Everything below from the line with "Travel Guide to" through the line with "Myra Levine Theory Critique essay" should be copied exactly, and nothing else; leave out the pictures.

Supplied records:
────────────────────

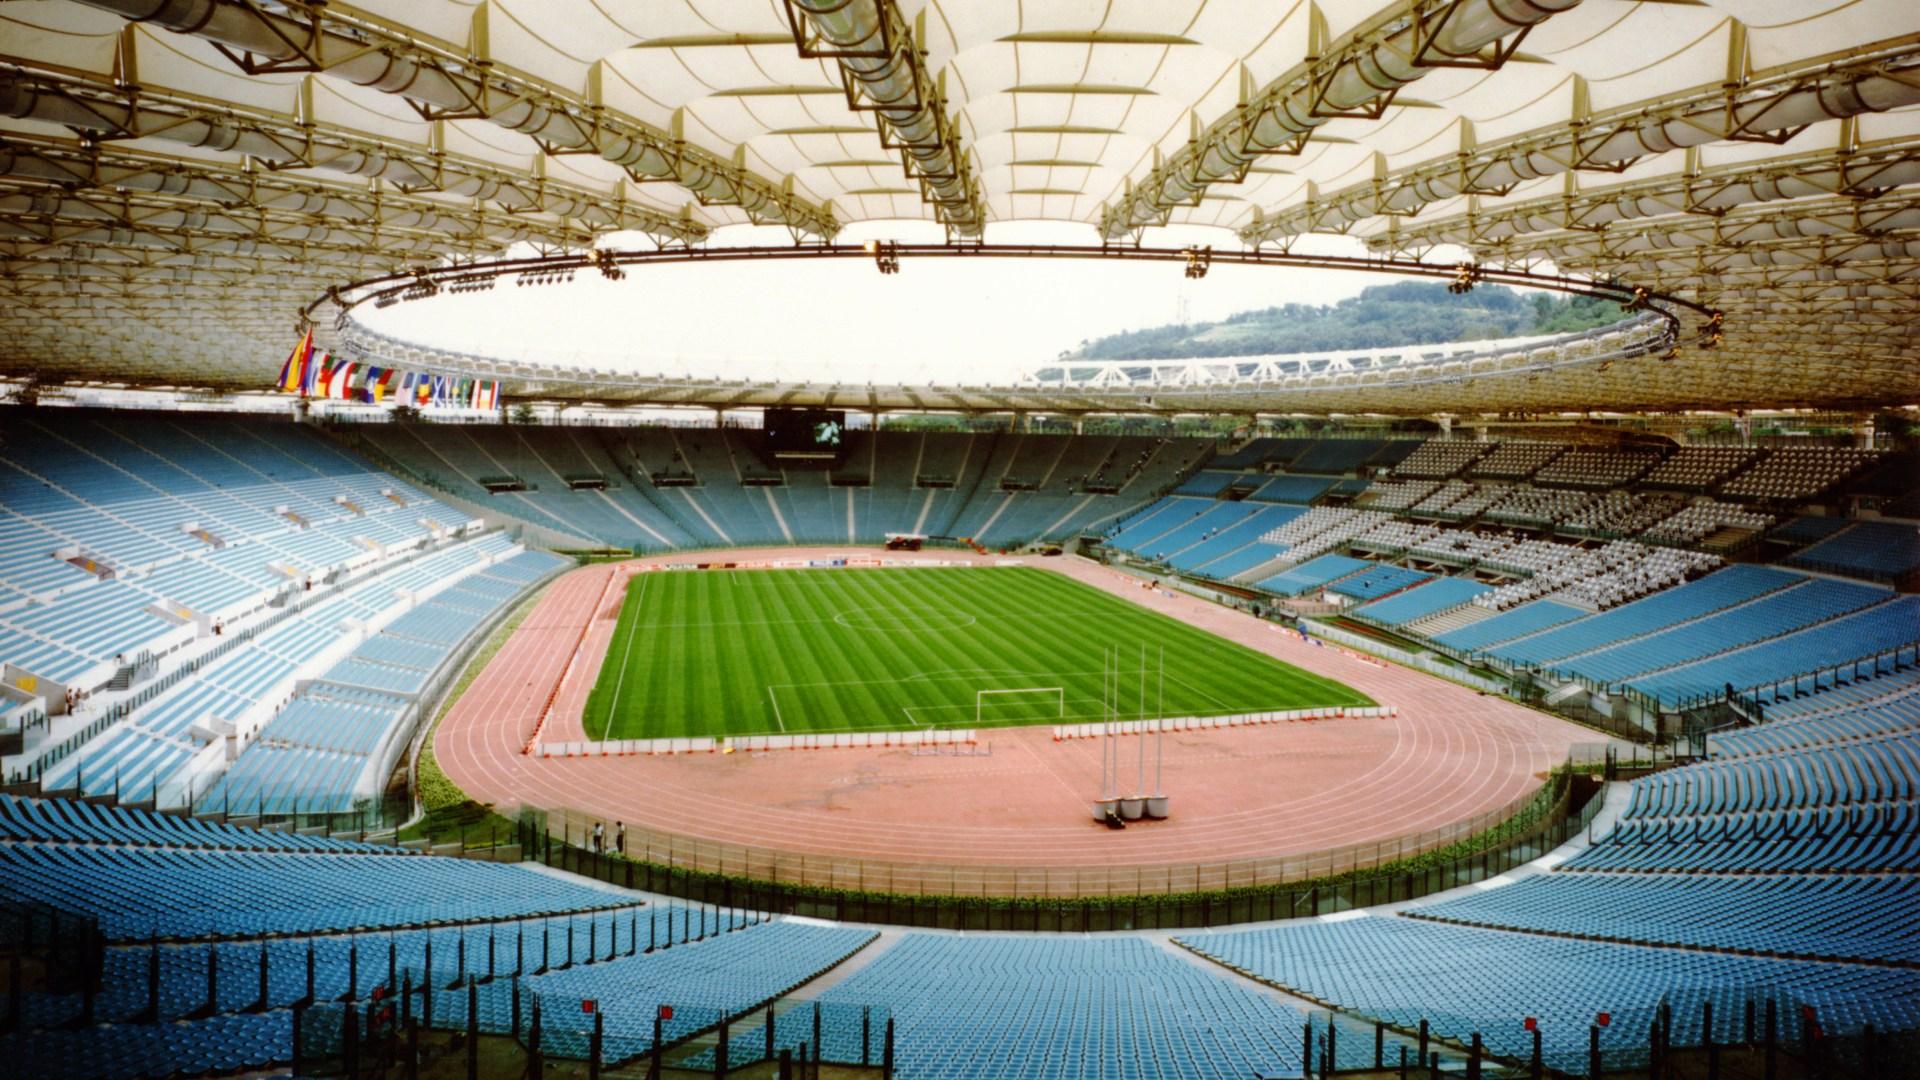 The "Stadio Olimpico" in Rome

────────────────────

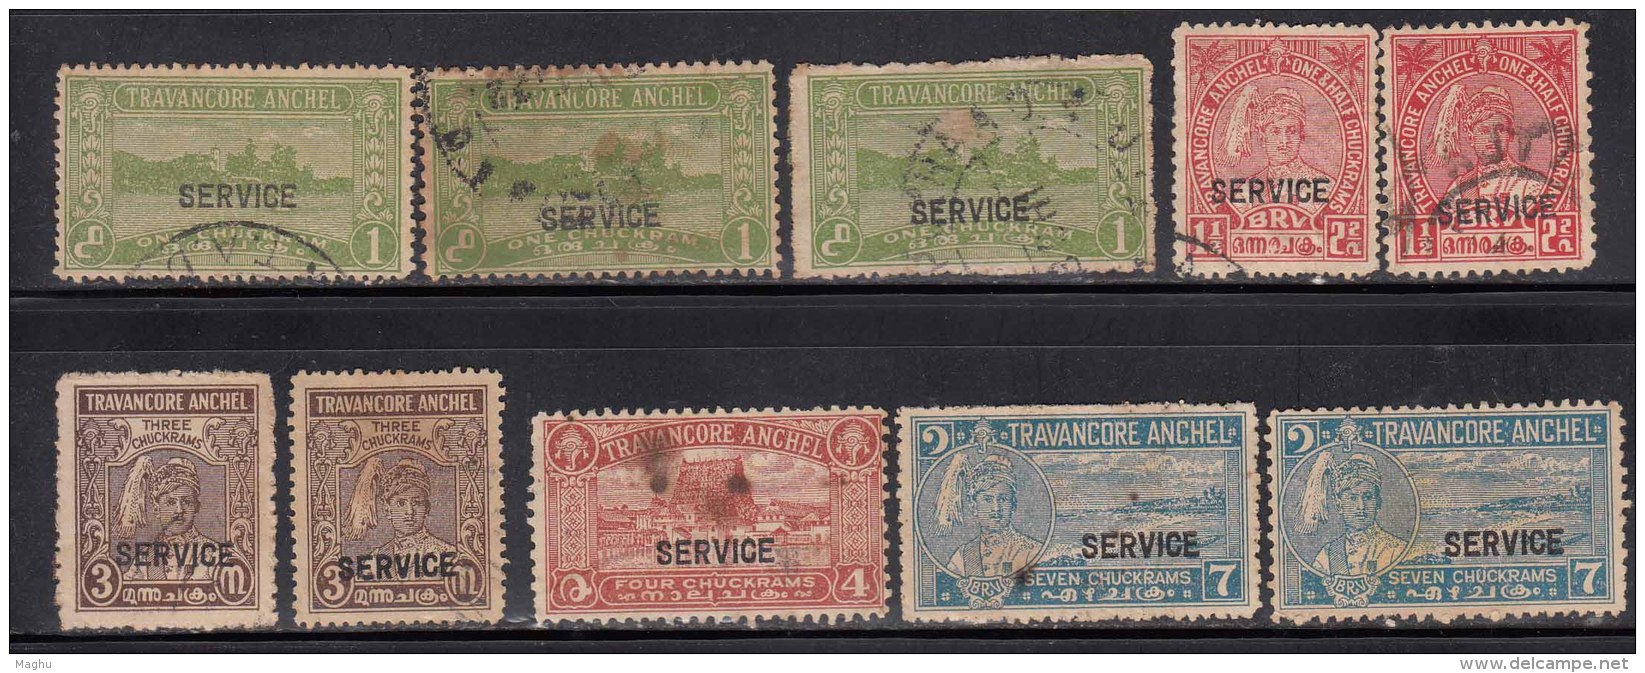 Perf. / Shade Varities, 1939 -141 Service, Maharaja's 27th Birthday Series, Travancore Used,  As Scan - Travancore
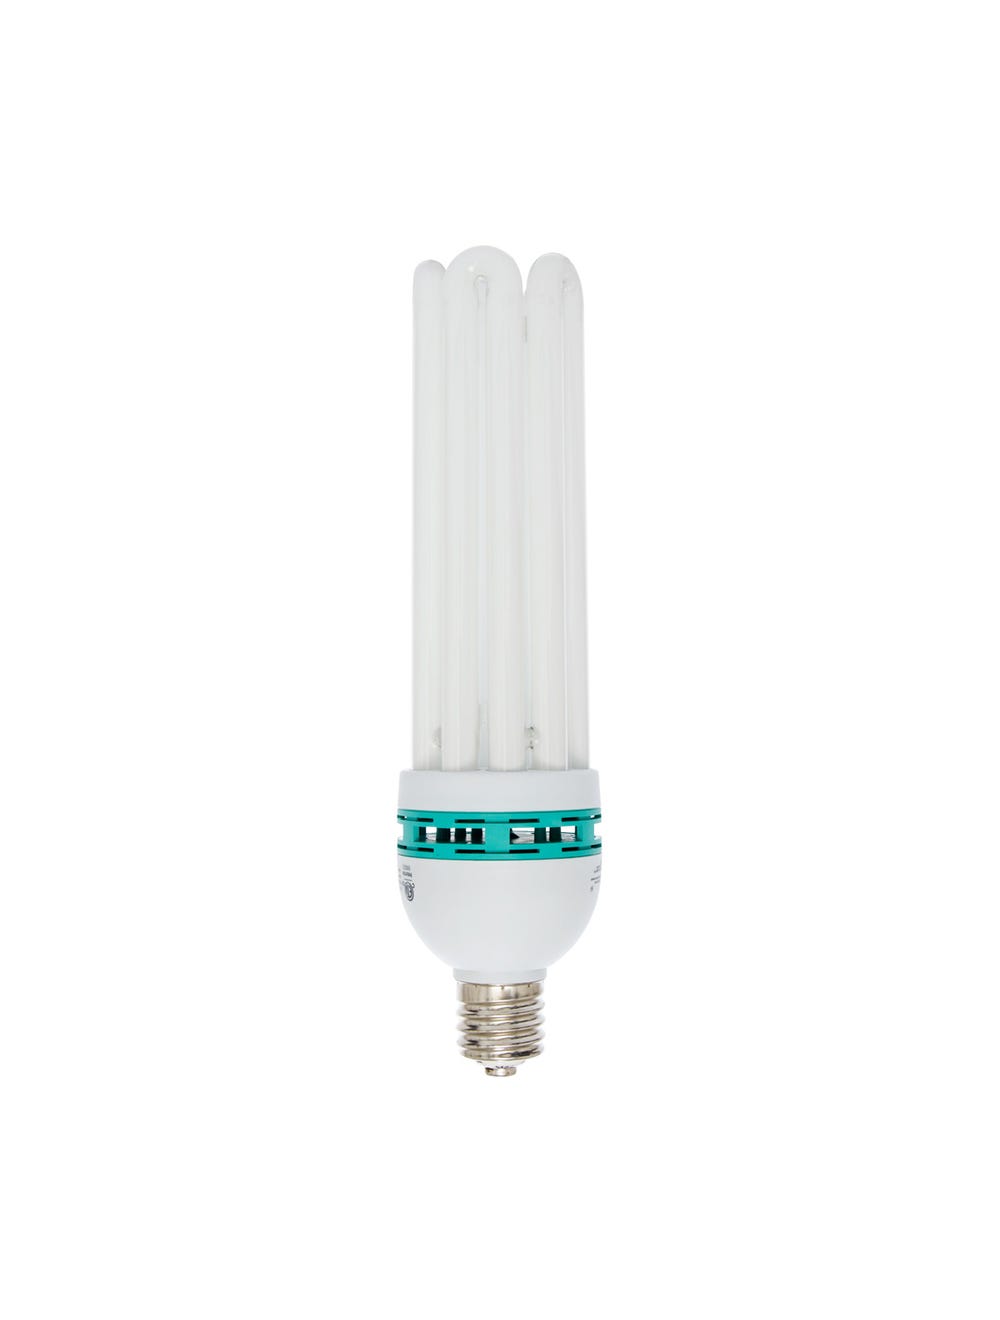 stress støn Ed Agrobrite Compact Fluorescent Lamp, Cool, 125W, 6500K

────────────────────

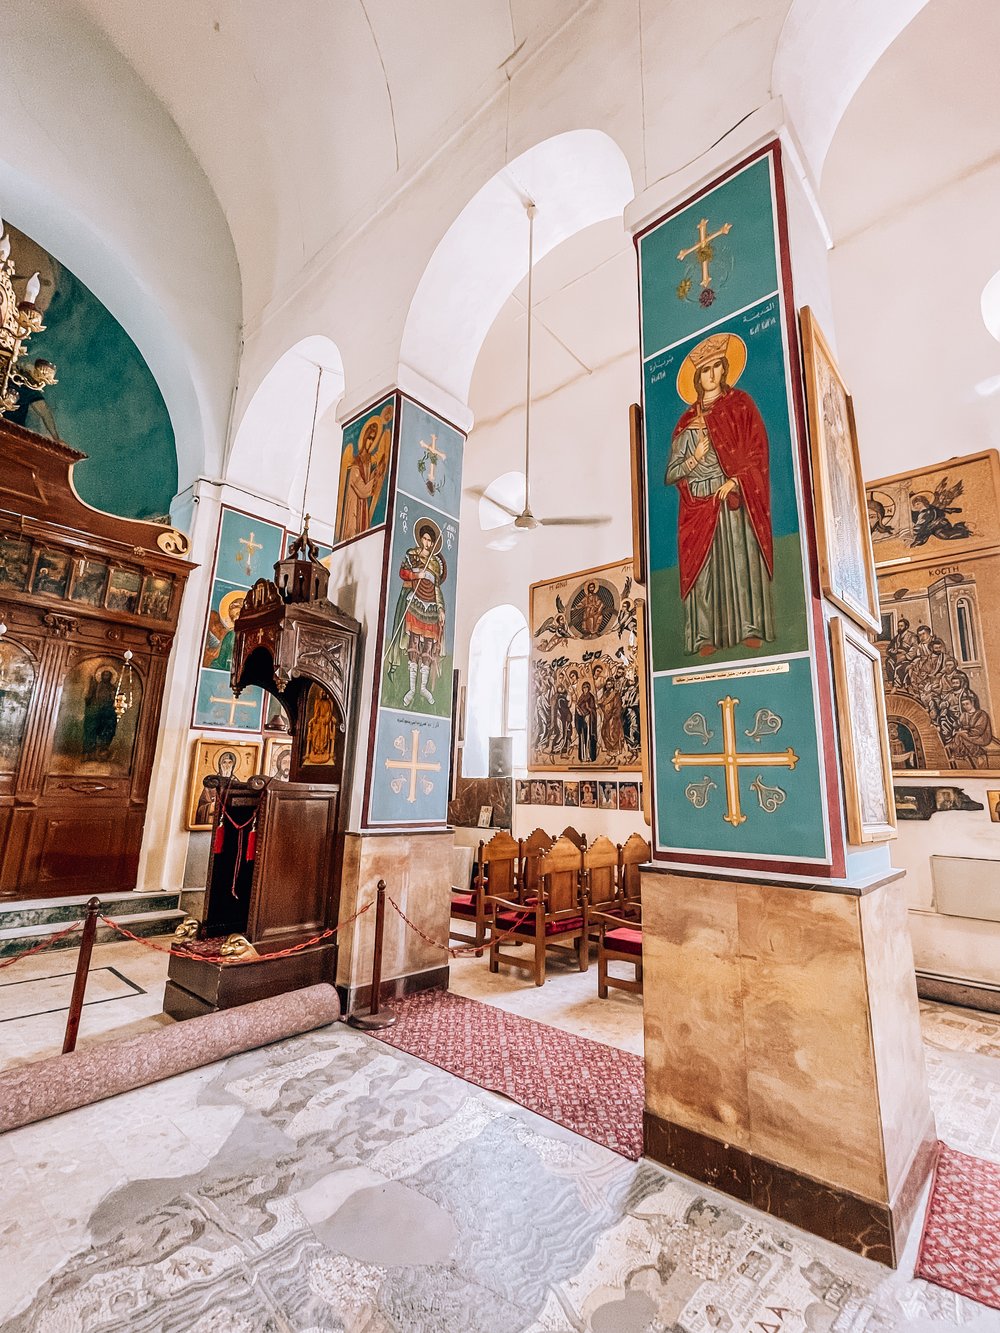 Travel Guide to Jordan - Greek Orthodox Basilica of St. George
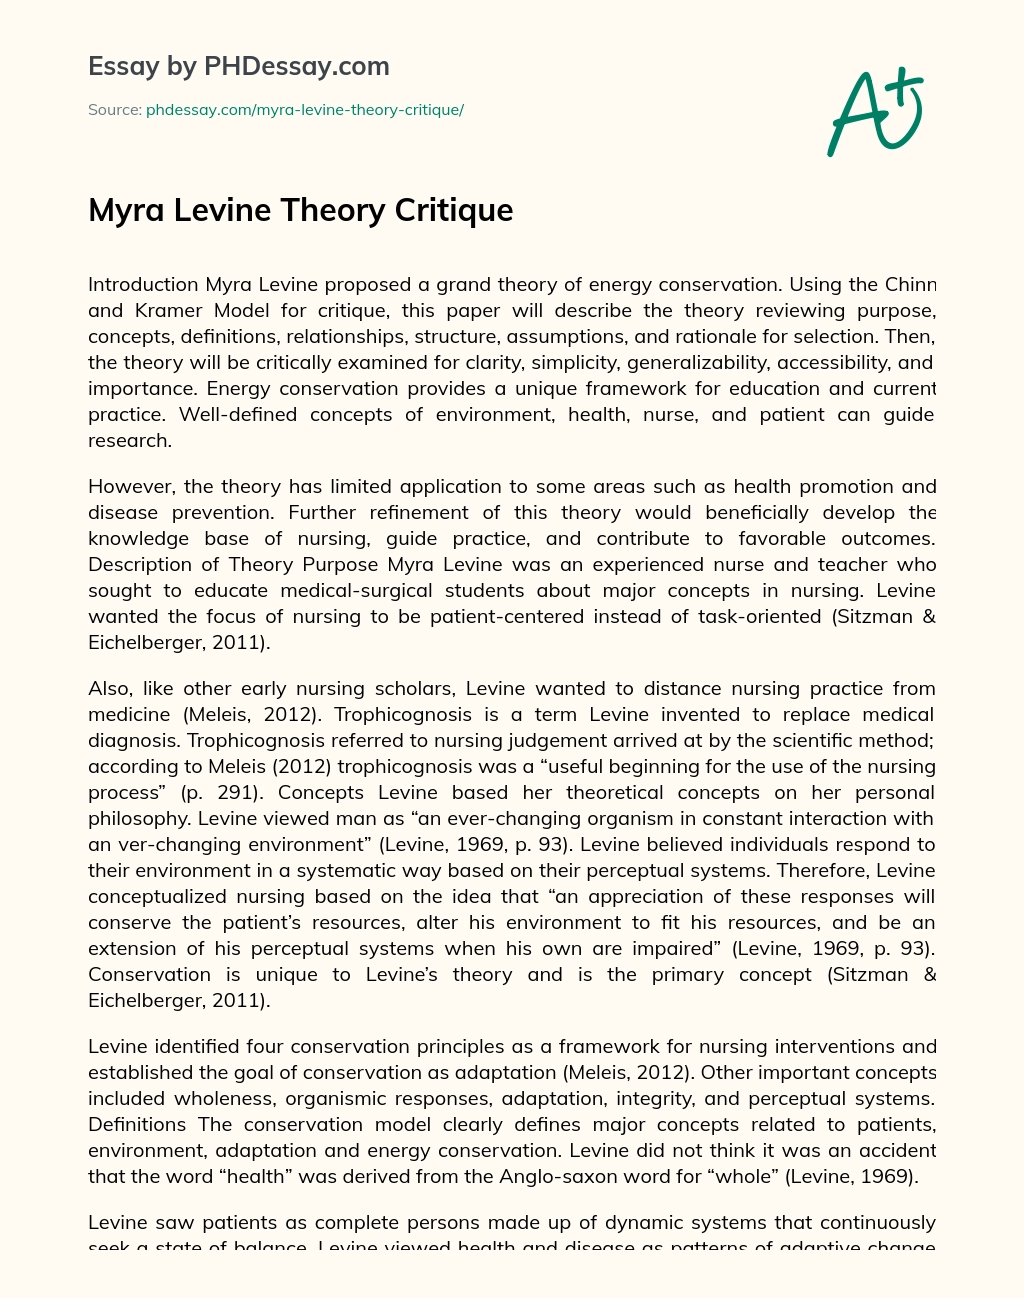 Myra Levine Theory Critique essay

────────────────────

Solution below:
 Travel Guide to Jordan - Greek Orthodox Basilica of St. George
 Myra Levine Theory Critique essay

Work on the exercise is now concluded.